What creatine is (and what it isn’t)

Creatine is a small molecule that lives in your muscle cells. Specifically, it lives as phosphocreatine, creatine bound to a phosphate group. Phosphocreatine is the body’s fastest energy source for short, high-intensity efforts (under ~10 seconds). Your first squat rep, your sprint to catch a closing elevator, your push to stand up from a low couch.

Your body makes creatine from three amino acids (arginine, glycine, methionine) at a rate of about 1 gram per day. You also get about 1 gram per day from animal foods (red meat, fish, poultry). Your total daily turnover is about 2 grams per day, and your muscle stores are typically 60-80% of maximum capacity in untrained, non-supplementing women.

What creatine supplementation does: fills the rest of the storage tank. Saturated muscle phosphocreatine stores mean more available energy for short, intense efforts.

What creatine is not:

  • Not a hormone. It does not affect estrogen, testosterone, cortisol, or any other hormone.
  • Not a stimulant. It doesn’t make you “feel” anything in the way caffeine does.
  • Not a steroid. The myth that creatine is “like a steroid for women” is biologically unfounded.
  • Not banned. WADA, the IOC, and every major sports organization permit creatine.

It is, simply, a small molecule that fills an energy reservoir in your muscle cells.

Does creatine work for women? (the evidence)

Yes. The research base is now substantial enough that this question is largely settled.

Muscle and strength gains. Multiple meta-analyses including Chilibeck et al. 2017 and the 2023 ISSN position stand confirm that creatine supplementation combined with resistance training produces:

  • Greater lean mass gains (typically 1-2 lb additional lean mass over 8-12 weeks vs. training alone)
  • Greater strength gains (5-10% above training alone, depending on the lift and study)
  • Improved high-intensity exercise performance

These benefits are nearly identical for women and men in percentage terms.

Bone density.

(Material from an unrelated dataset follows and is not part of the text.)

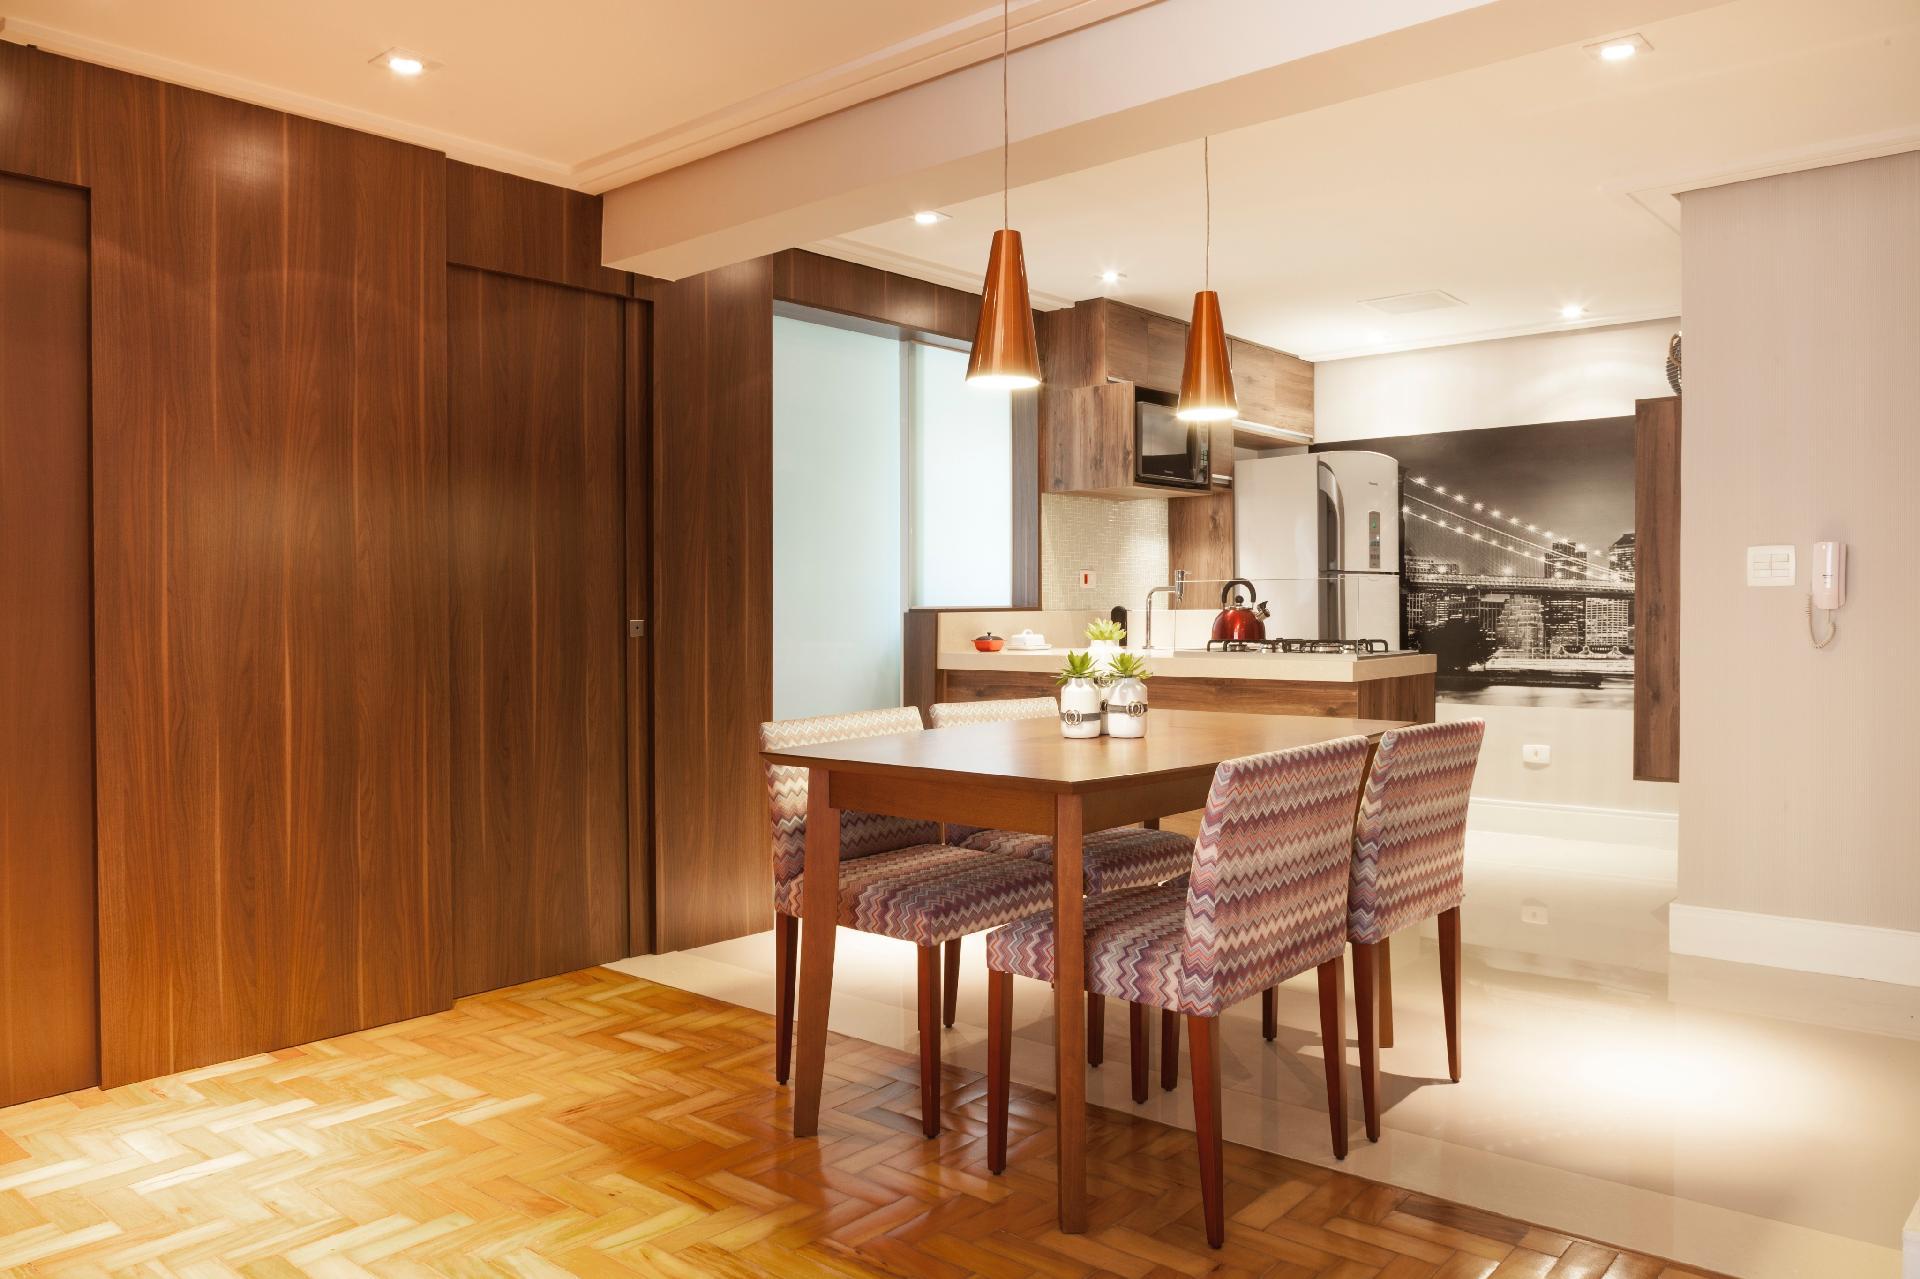 Com a reforma idealizada pelo escritório Biarari & Rodrigues, o jantar ficou posicionado entre a área 'gourmet' e o estar. A mesa de madeira faz jogo com as cadeiras forradas em tecido 'chevron'. Note que os pendentes acobreados são simétricos. Ao fundo, está a cozinha, agora aberta para o social e delimitada pelo balcão com base amadeirada, combinando com a proposta do design de interiores

Chilibeck et al. 2015 demonstrated that postmenopausal women taking creatine while doing resistance training showed greater preservation of bone density at the hip and femoral neck compared to placebo. The effect size is meaningful for women in the menopause transition.

Cognitive function. Smith-Ryan et al. 2021 reviewed the evidence on creatine for cognition and noted promising effects in older adults, particularly for working memory and processing speed under cognitive stress. The evidence is strongest in older adults and during sleep deprivation. Not yet definitive but growing.

Metabolic and recovery effects. Creatine improves glycogen storage in muscles and may reduce muscle damage and soreness after eccentric exercise (i.e., the muscle damage from heavy lifting). Useful for recovery between training sessions.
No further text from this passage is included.